# WORK ORDER
Drop all images. Then write out each line below exactly as given.

# MATERIAL PROVIDED
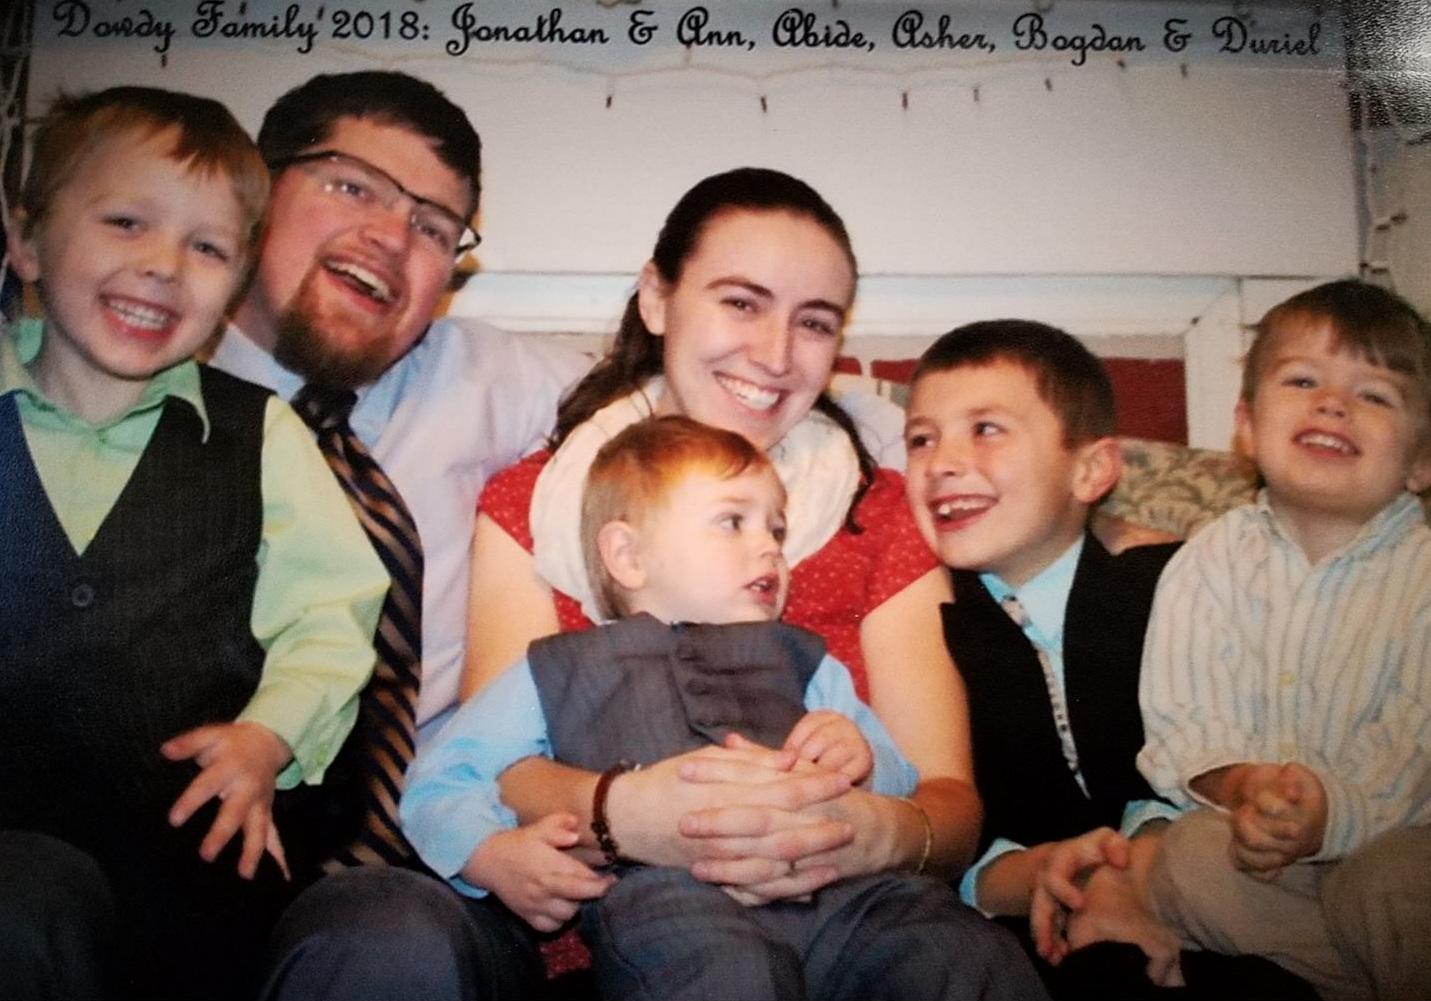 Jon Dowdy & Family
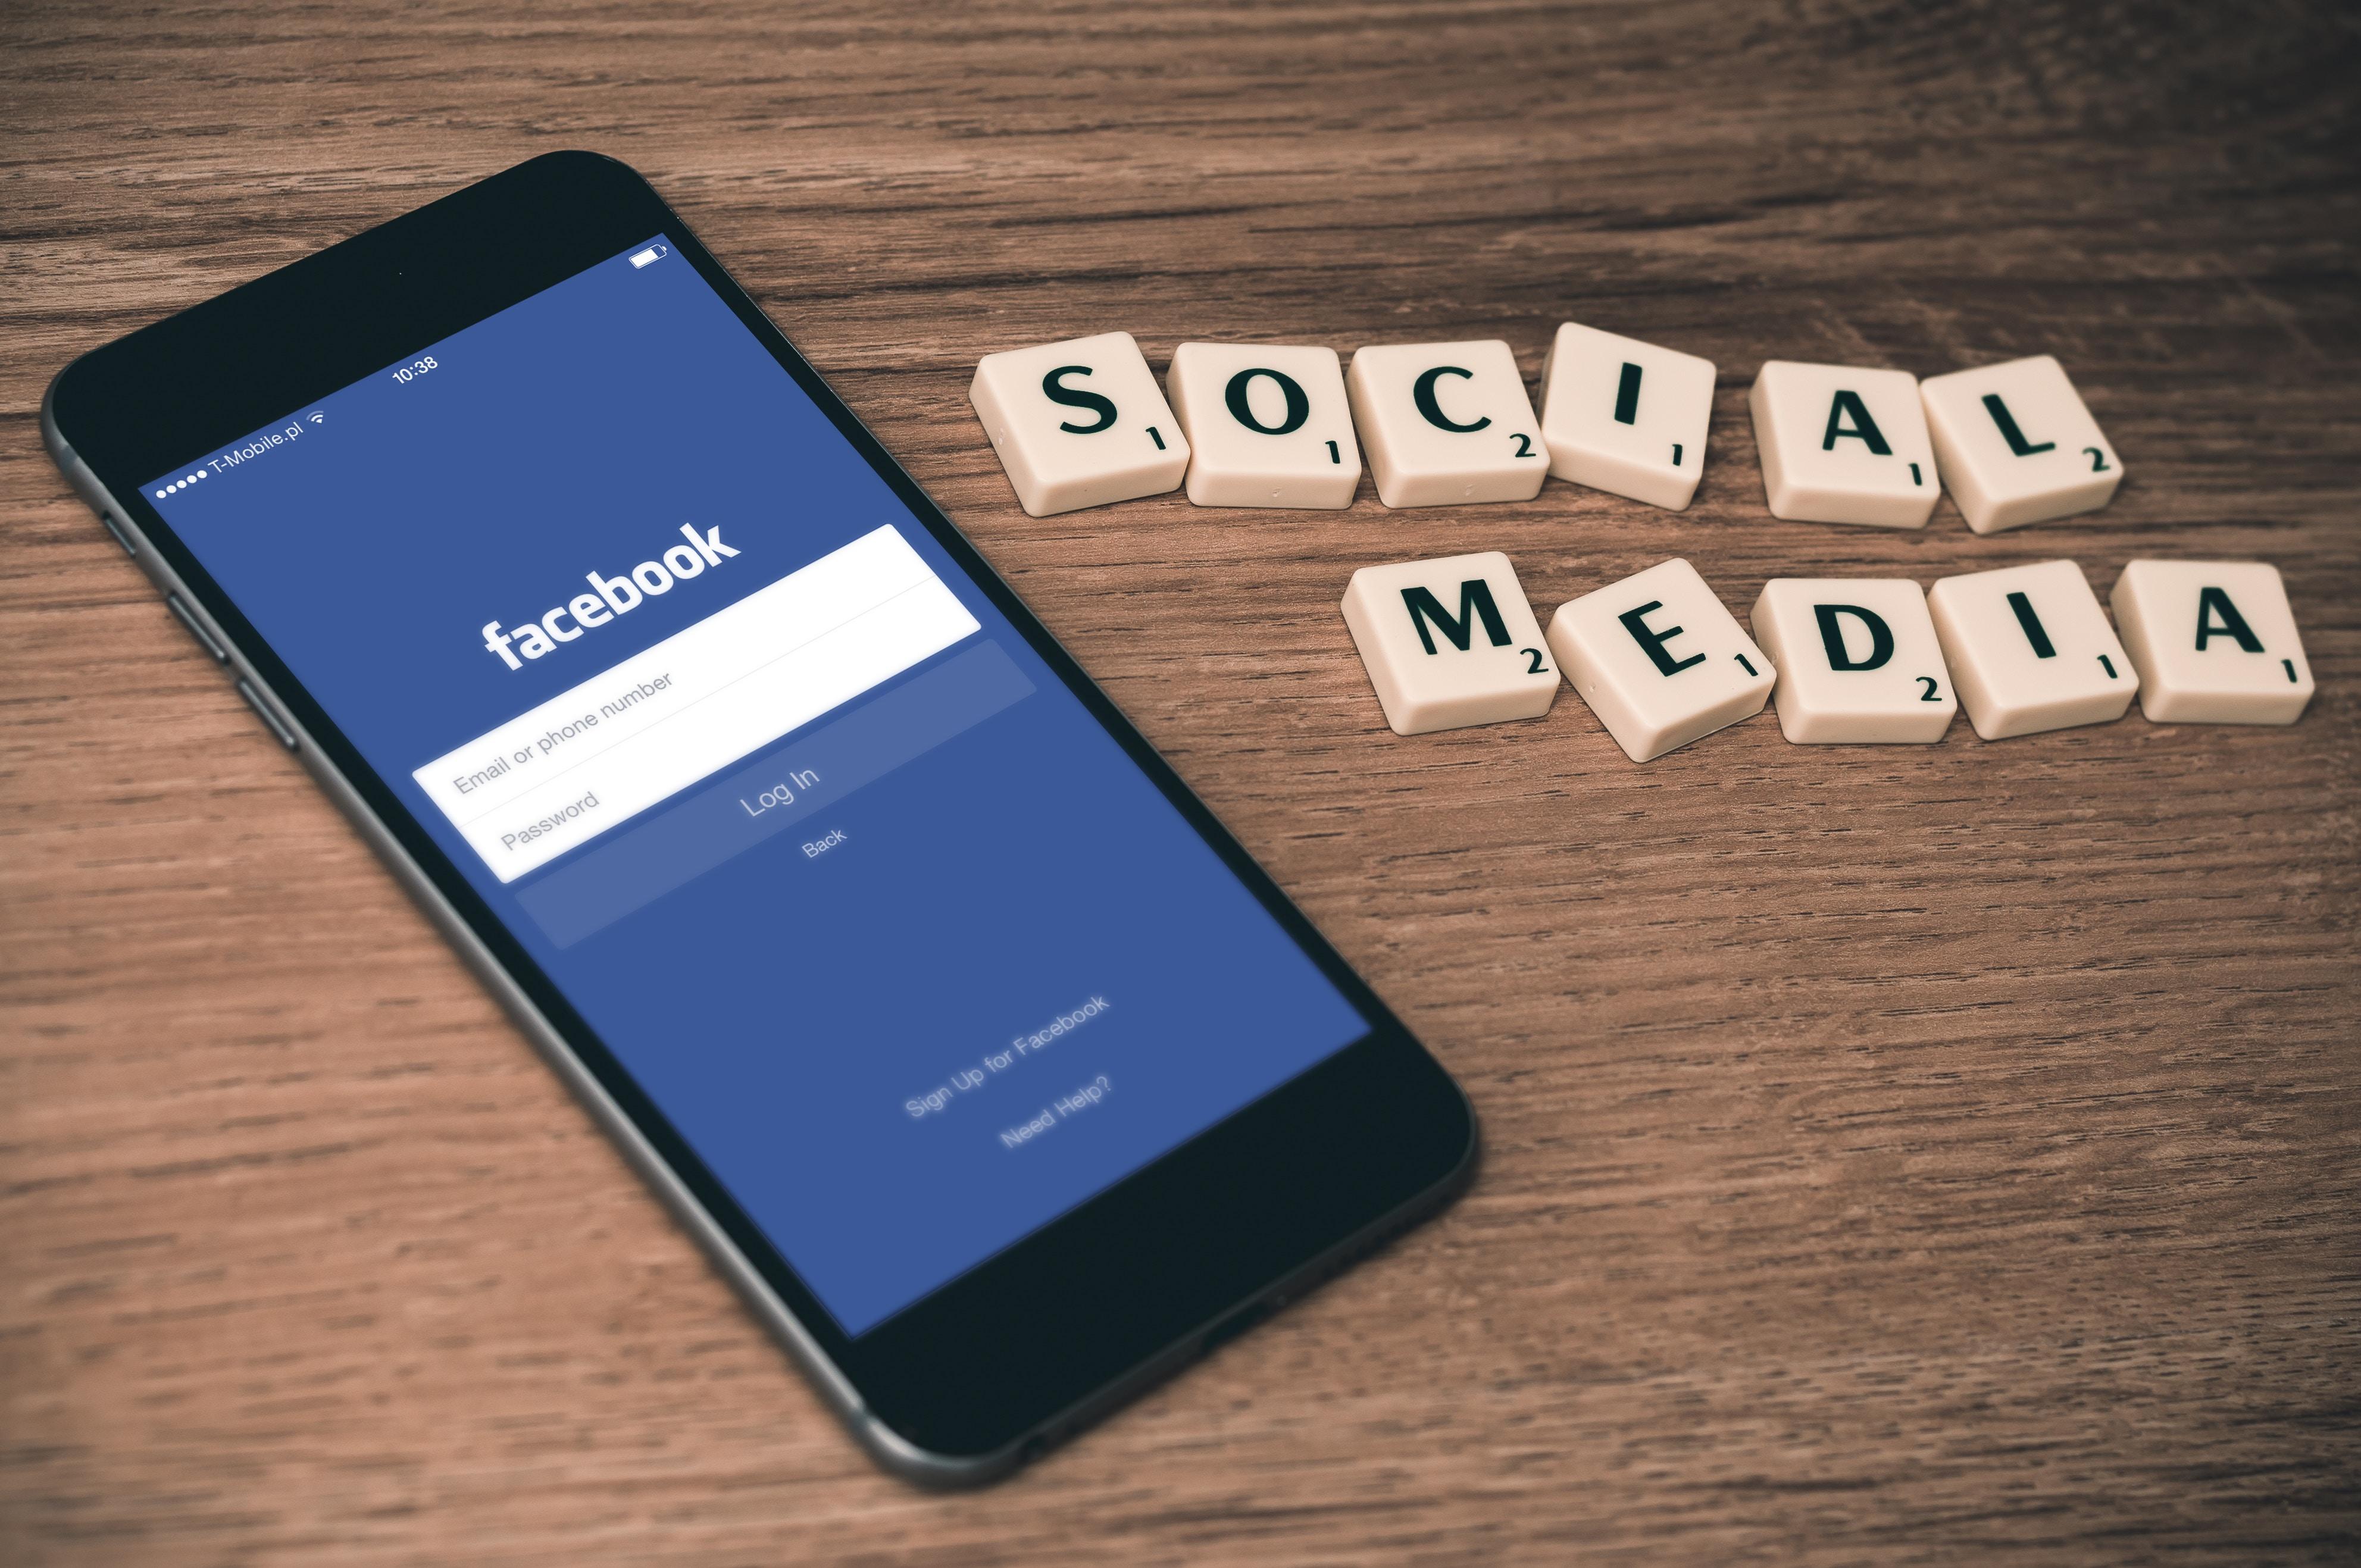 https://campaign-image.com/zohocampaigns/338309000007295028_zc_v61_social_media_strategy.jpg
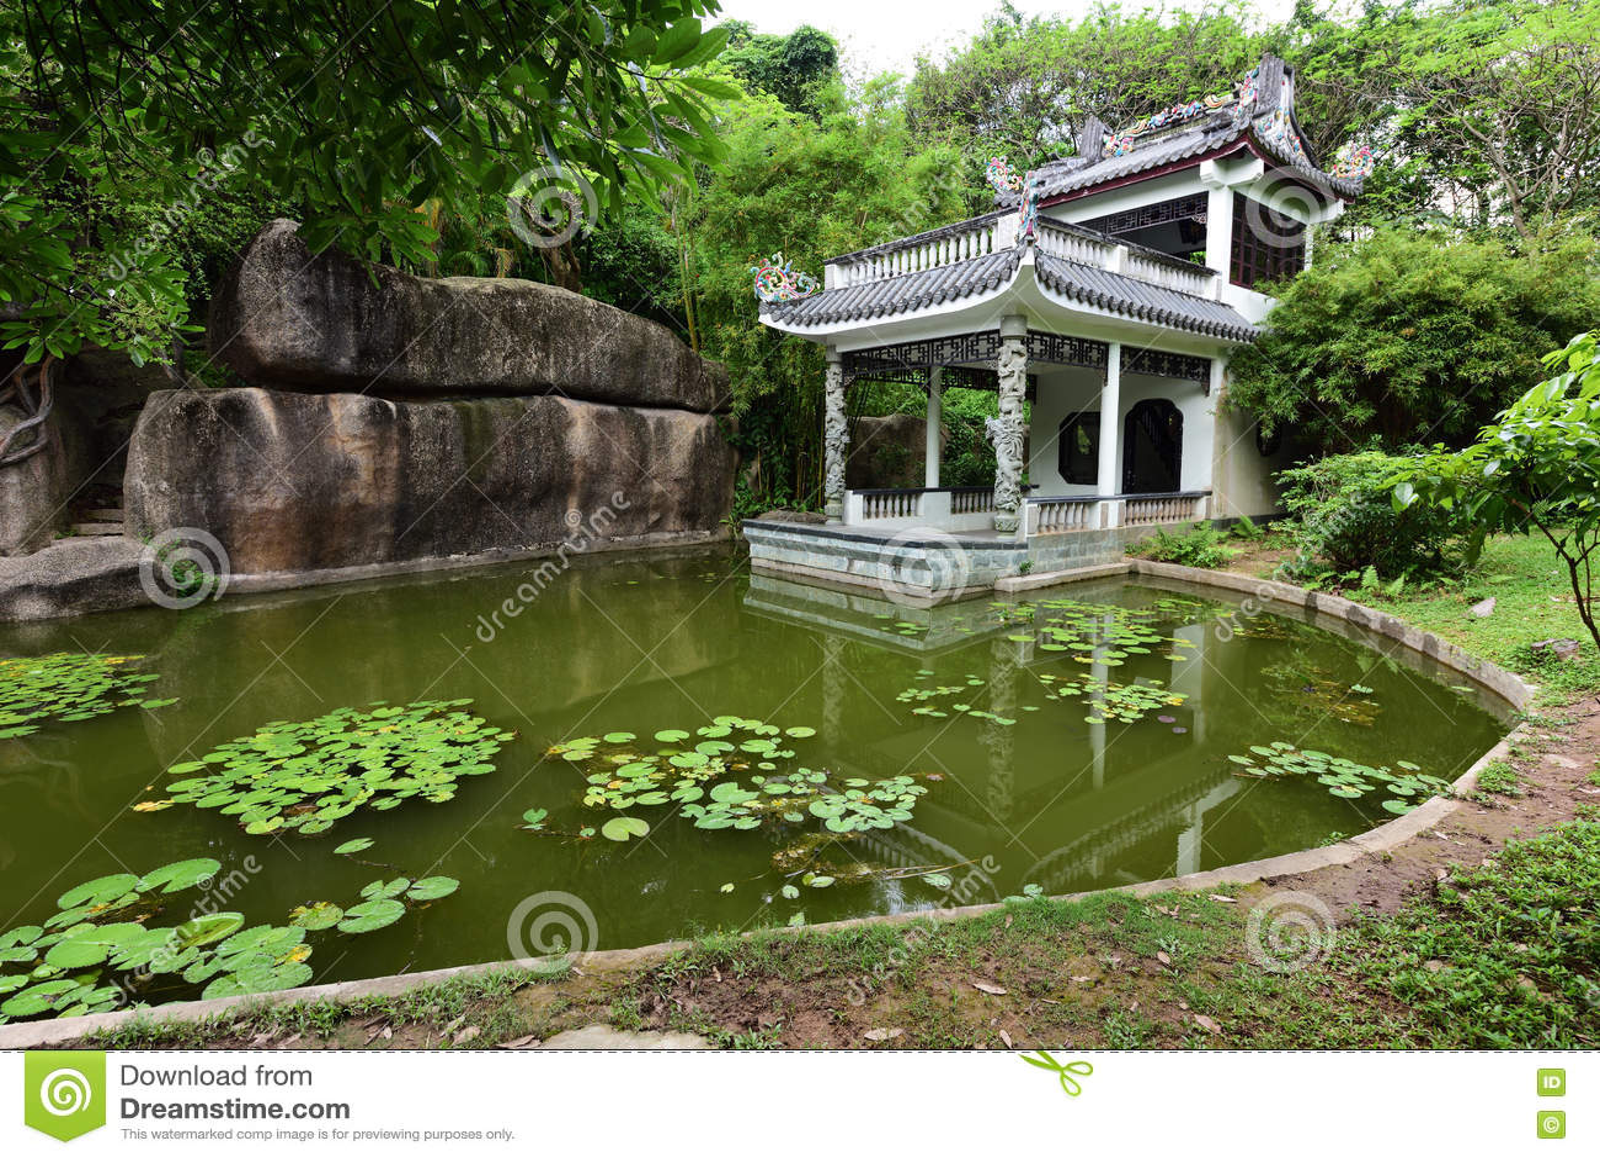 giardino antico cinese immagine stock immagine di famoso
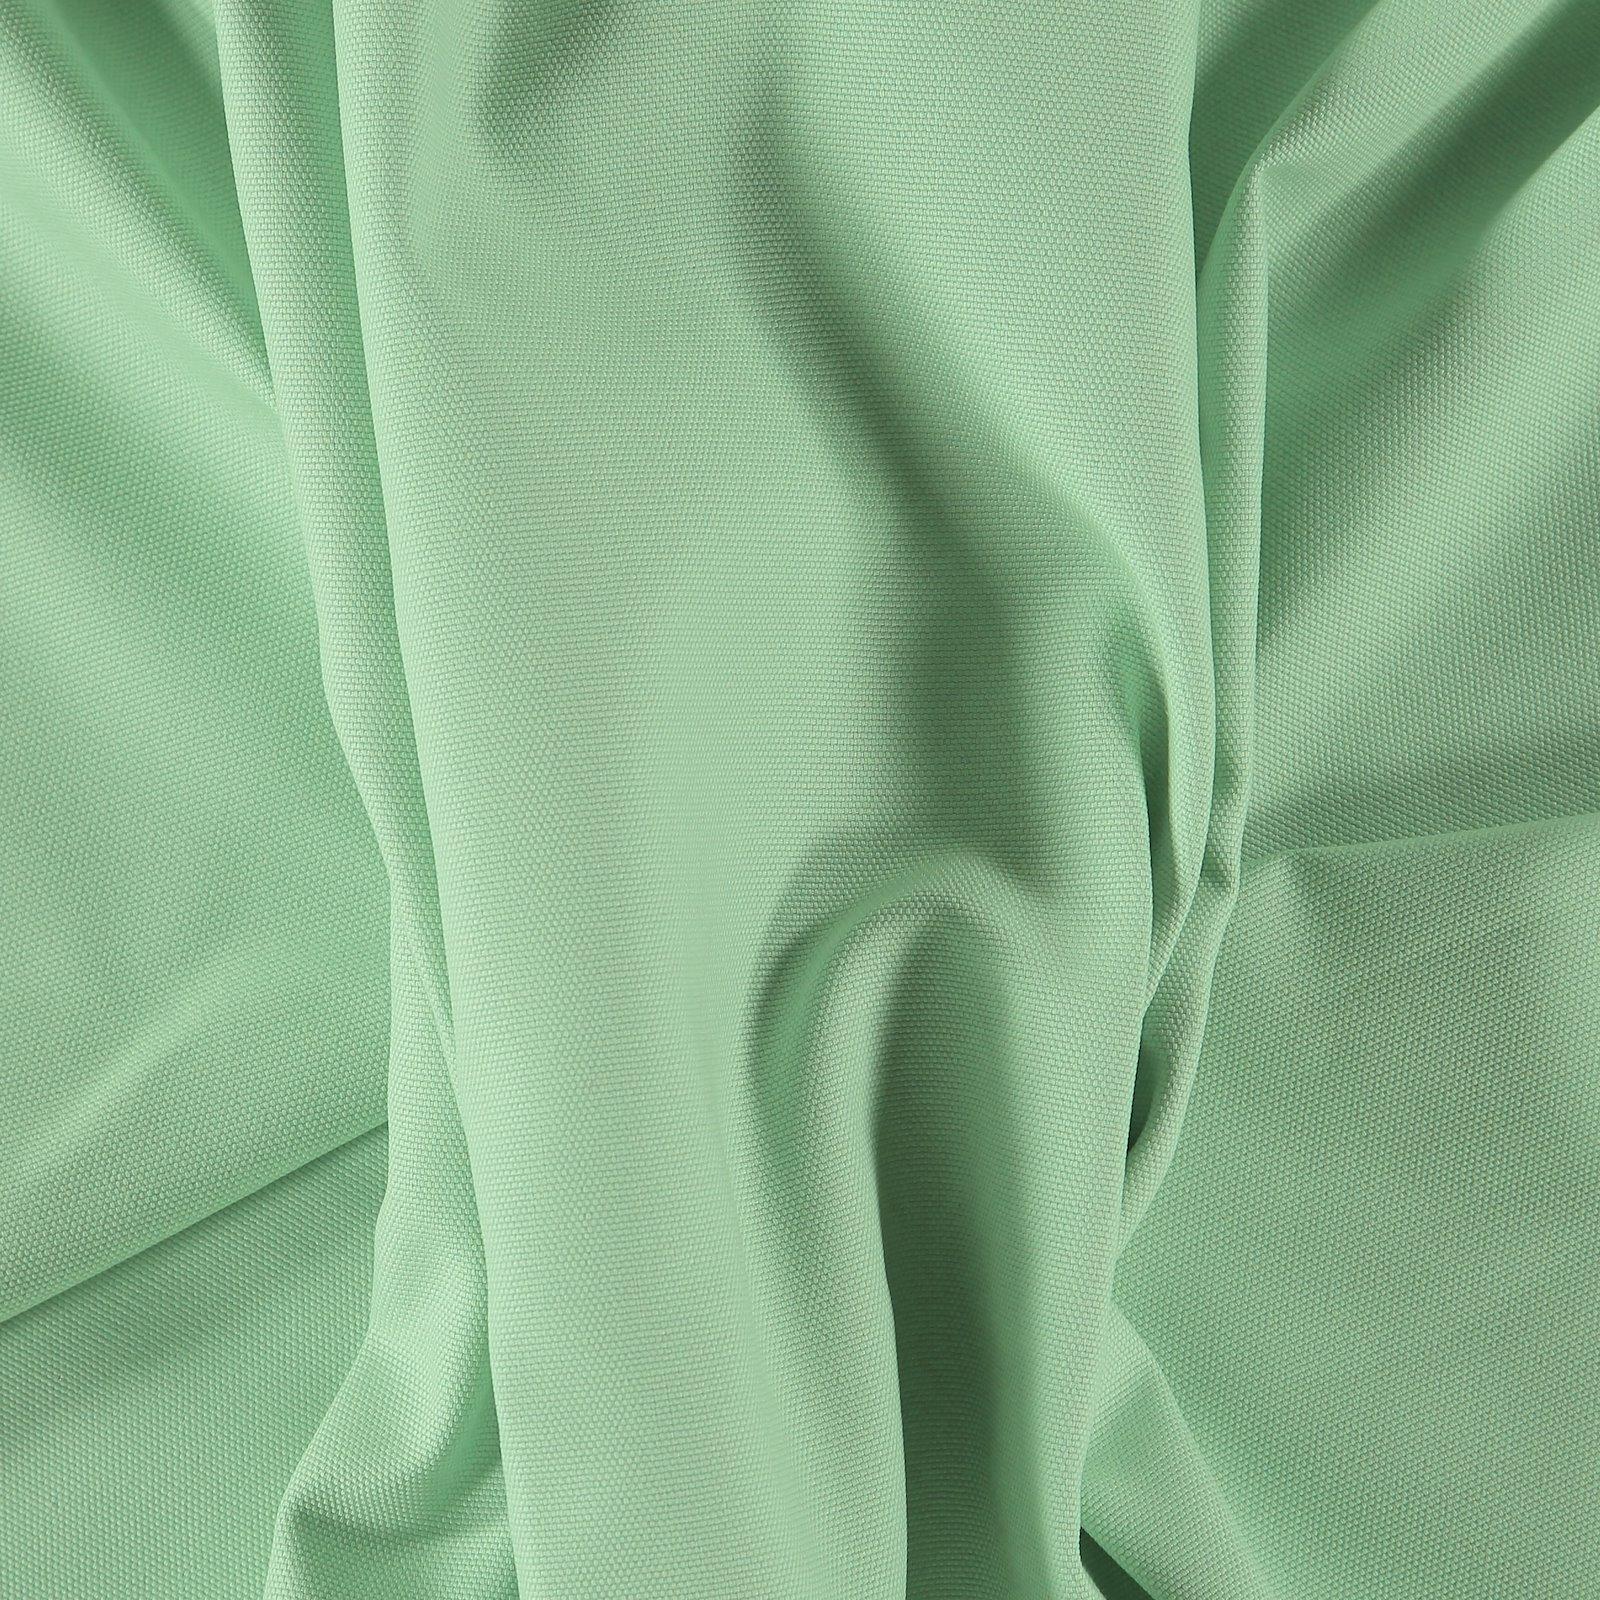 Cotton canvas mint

# ANSWER BELOW
 Jon Dowdy & Family
 https://campaign-image.com/zohocampaigns/338309000007295028_zc_v61_social_media_strategy.jpg
 giardino antico cinese immagine stock immagine di famoso
 Cotton canvas mint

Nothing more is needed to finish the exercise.